But another and graver affair was forcing itself on the popular mind. The Apaches were up. They had already left their reservations and were coming down the river. At first there were only rumors of a murder here and there, in isolated cases and far away; but coming nearer and becoming more frequent as the savages gathered courage from success and force from their more cautious brethren who had hitherto held back. Men hesitated before going out alone. The smoke of burning stacks or ranch-houses had been seen, and finally the word came that a war-party, mounted on good ponies and seventy strong, probably a detachment from a still larger force, had been sighted by cowboys rounding up their brand on the upper ranges.

A few of the ranchers who had adobe houses barricaded and prepared to hold them, but for the most part, leaving their flimsy shacks to the mercy of whoever should come, they sent their families to our camp as the strongest available place. No rush could carry this position—indeed there was little danger of any attempt being made—for we were nearly three hundred strong.

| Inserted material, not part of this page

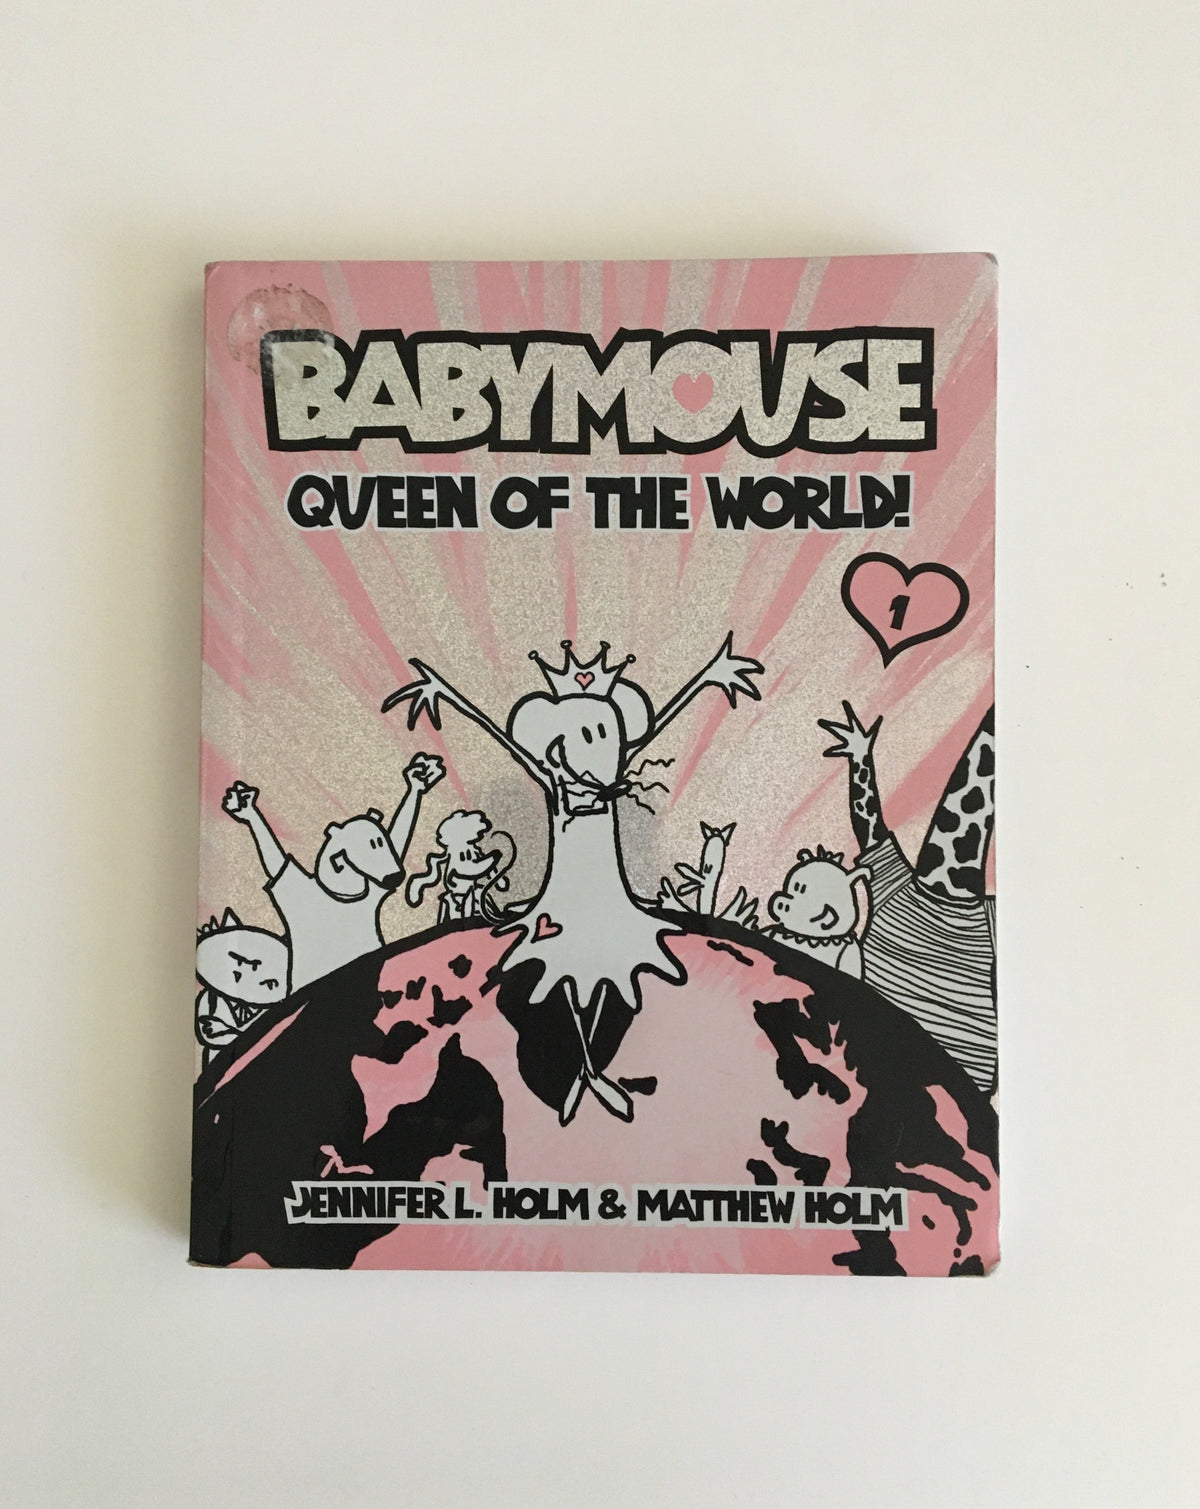 Babymouse: Queen of the World by Jennifer L. Holm &amp; Matthew Holm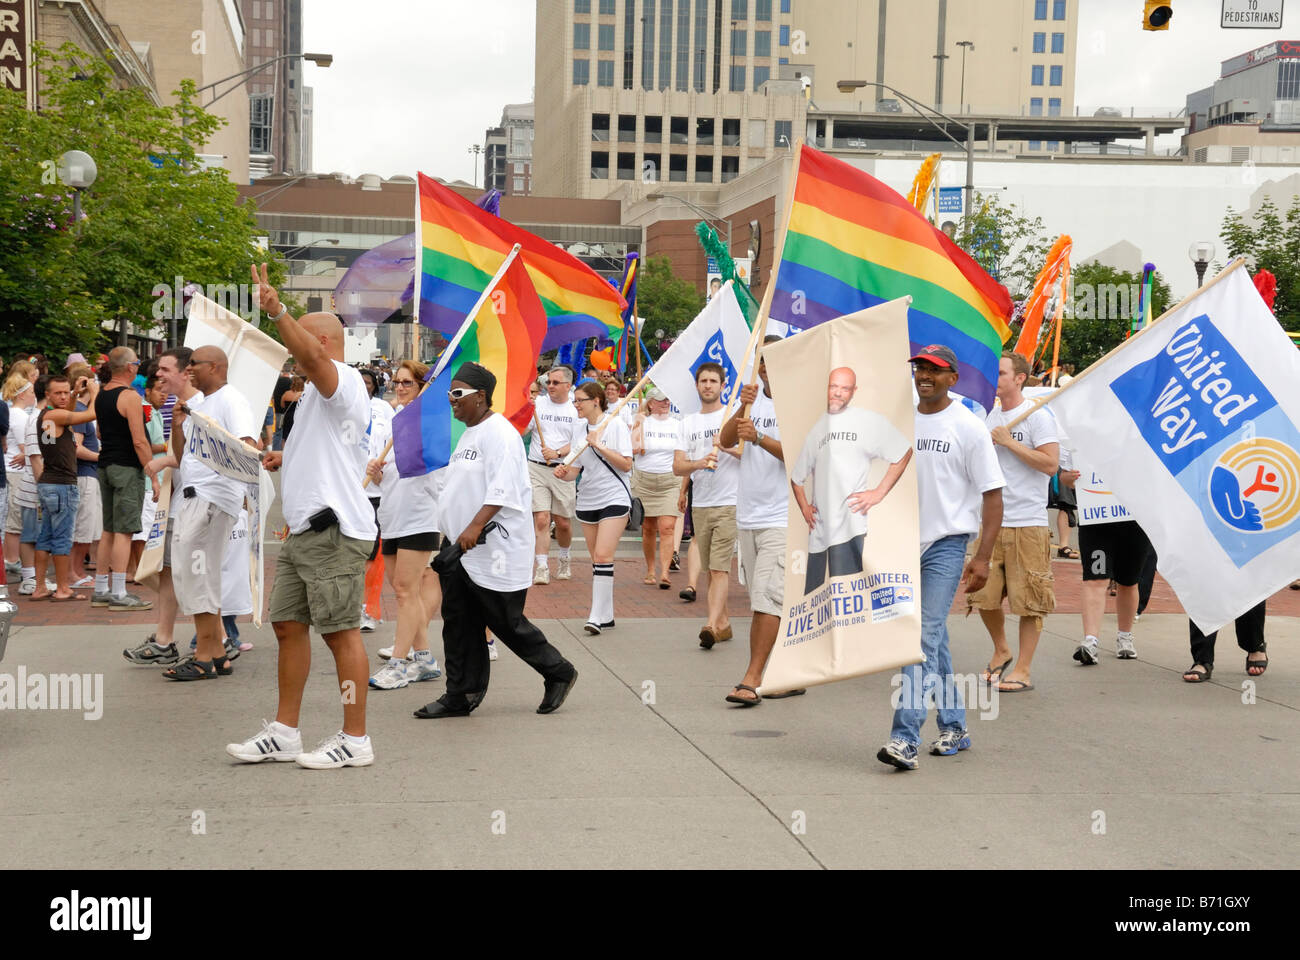 united way marchers carrying rainbow flags and signs in Gay Pride Parade Columbus Ohio 2008 Stock Photo

All regular work had stopped. A breastwork of sand-bags surrounded a little plateau in the centre of our camp, and to strengthen the defence still further, mechanics were connecting some dynamite cartridges, buried in the sand of the plain outside, with the blasting batteries which were to fire them. A confused mass of household goods littered the enclosed space, where most of the men stood in groups, discussing the outlook. A child was crying, to an accompaniment of women's voices, raised and made querulous by the anxiety of their owners. Over all, through the broiling heat, floated the choking dust and the smell of horses. Barton rode slowly around the camp, telling off each family as he came to it, in order to make sure that all were present; and I found time to notice, in a vague sort of way, that Specs was shuffling rapidly up and down, muttering to himself, his arms twitching nervously. Each time he met any one at all in authority he would stop and seem about to speak, but no one helped him begin, so he would pass on, twitching and muttering as before.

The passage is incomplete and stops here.